Bread and Butter pudding


“A great tasting, simple and easy to prepare dessert!.”
  • View Recipe
    • Ingredients.
      8 slices white bread
      A good bit of butter
      450ml (3/4) pint of full-fat milk
      2 eggs
      50g (2oz) granulated sugar
      50g (2 oz) sultanas
      Ground nutmeg or cinnamon

      1. Remove the crusts from the bread. Butter each slice on one side only and cut into triangles.

      2. Use some of the butter to grease an oven-proof dish. Cover the base of the dish with one layer of bread triangles keeping the buttered side down.

      3. Sprinkle some of the sultanas on the bread with a little nutmeg or cinnamon.

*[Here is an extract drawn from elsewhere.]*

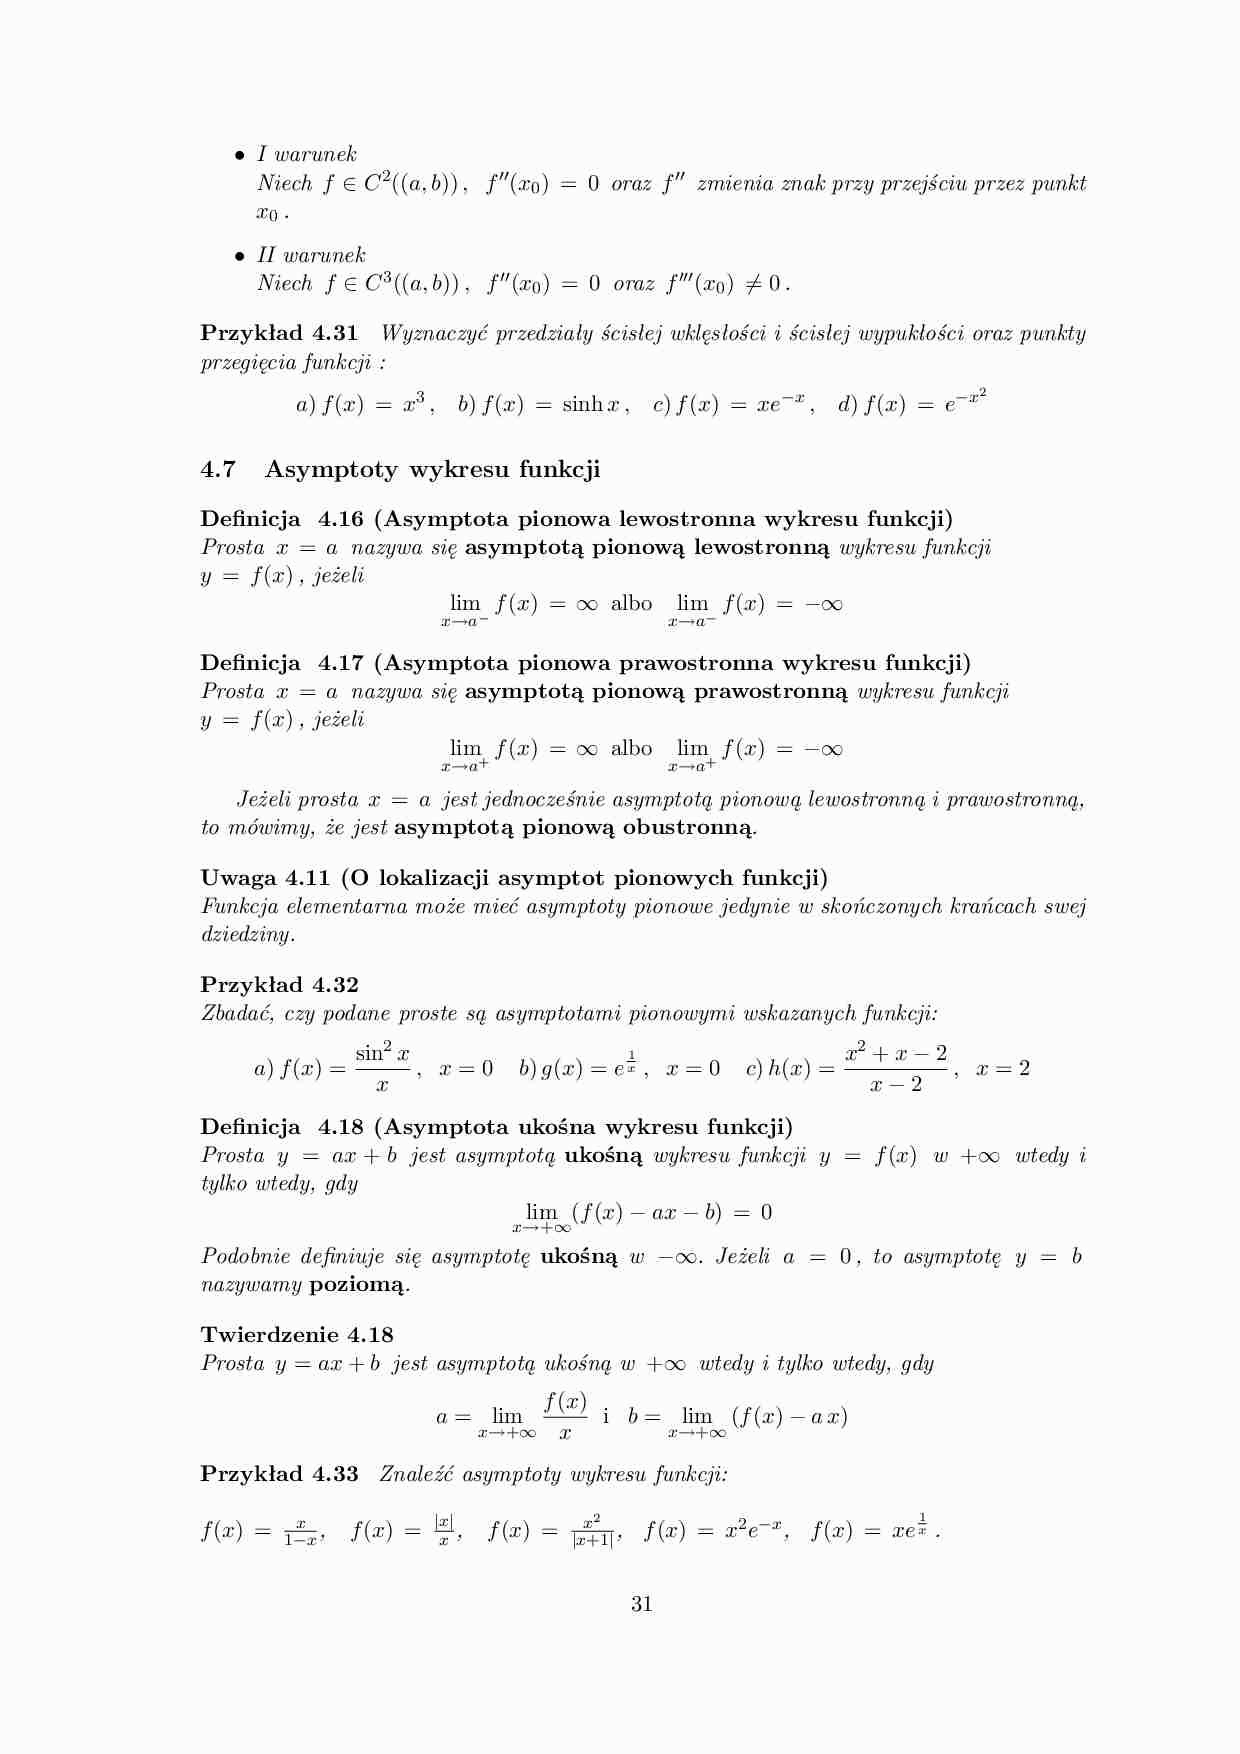 Asymptoty wykresu funkcji - omówienie  - strona 1

      4. Repeat with another layer of bread, sultanas and spice, finishing with a layer of bread with the buttered side up.

      5. Beat the eggs with the milk and sugar and pour over the bread layers. Let it sit for half an hour so that the bread soaks up the liquid. Bake at 180°C/ 350°F/ Gas 4 for about half an hour or until golden and puffy. Eat on its own straight from the oven.